Help for a "Surface and Flux integrals" program

[salvomic]

(11-04-2017 10:21 AM)AlexFekken Wrote:  Hi Salvo,

You must paramtrise with polar coordinates from the start; the way you are doing it, your are not integrating over a circle in the (x, y)-space but a square (your image is missing but that is what I think you are doing)

E.g. parametrise the surface as

\[ (x=u \cos(v),\ y = u \sin(v),\ z= u^2)\]
where
\[(u,v) \in [0,1] \times [0,2 \pi] \]

...

\[ |I| = \sqrt{4 u^4 + u^2} = u \sqrt{1 + 4 u^2} \]

etcetera...

It's true, Alex!
the correct input is, therefor:
sfint(1,[u*COS(v),u*SIN(v), u^2],[0,1],[0,2π]) that gives (1/6)*(√5*5*π-π) = 5.3304135, and simplifying we have the same result with (π/6)*(5^(3/2)-1) as in the book (that's correct!)

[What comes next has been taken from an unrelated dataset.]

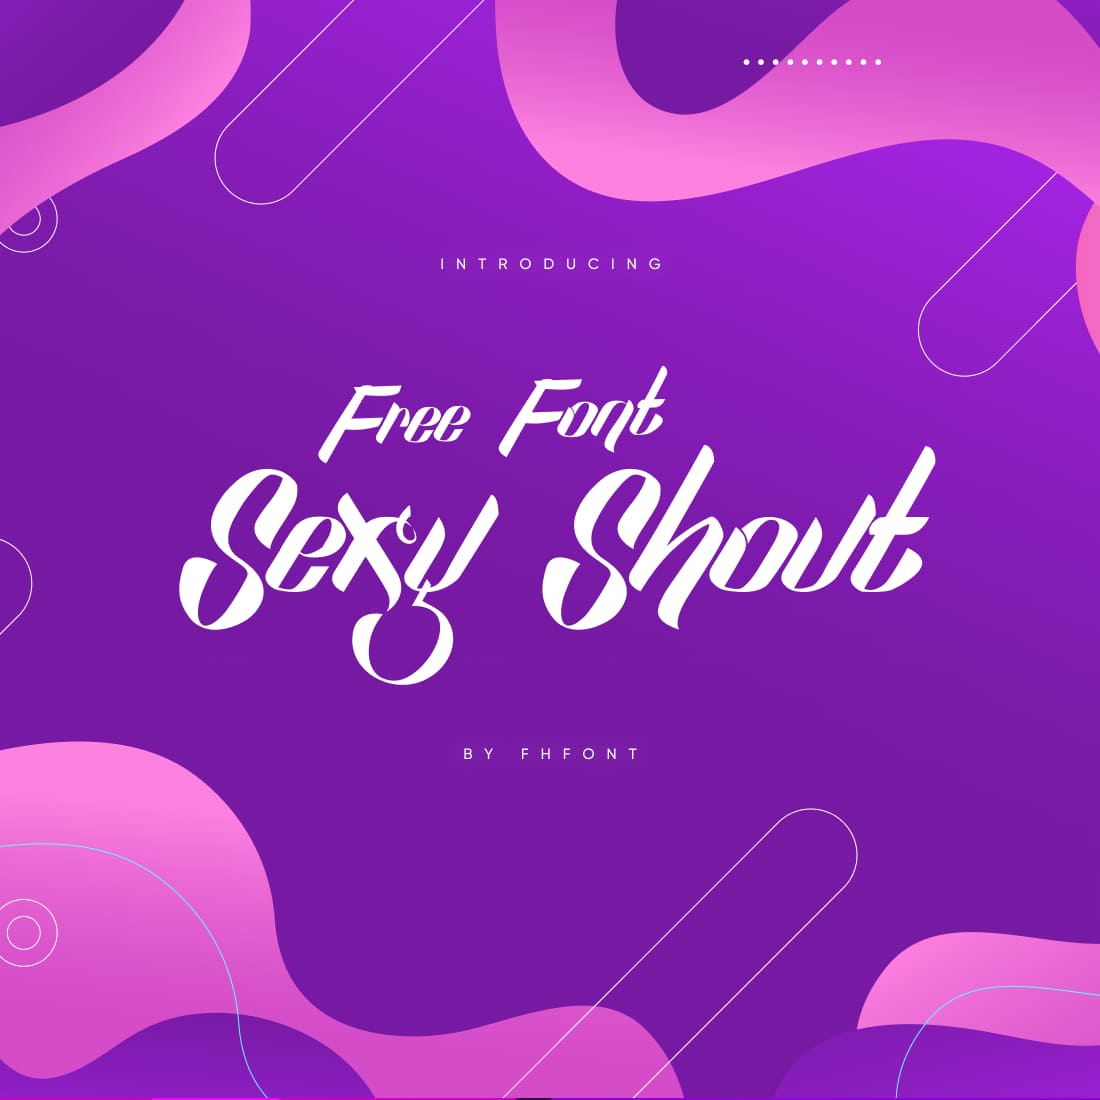 Sexy Shout Free Font Main Cover by MasterBundles.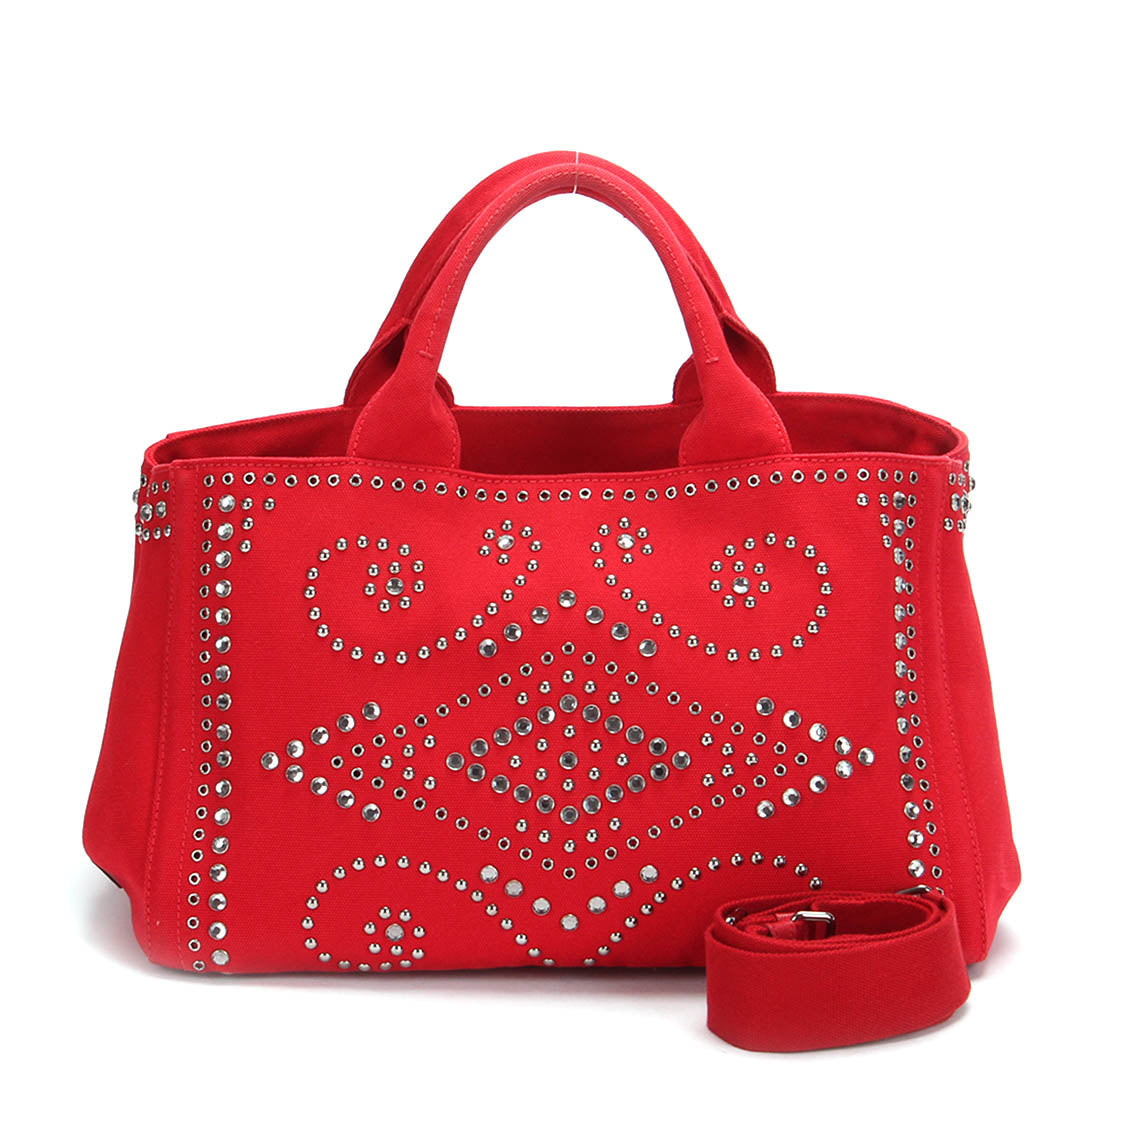 Embellished Canapa Tote Bag

This fact induce me to think that we should find a way to help user with the changes of coordinates too...

EDIT: add:
But, if the result now correspond a that of the book, why in the Prime, doing this integral \( \int_{\sigma }1dS=\iint\sqrt{4u^2+4v^2+1}dudv=\int_{0}^{1}\int_{0}^{2\pi }\rho \sqrt{1+4\rho ^2}d \rho d\theta = \frac{\pi }{6} (5^\frac{3}{2}-1) \) we get a different result? Am I wrong with its input? or the book's example is not so clear...

Salvo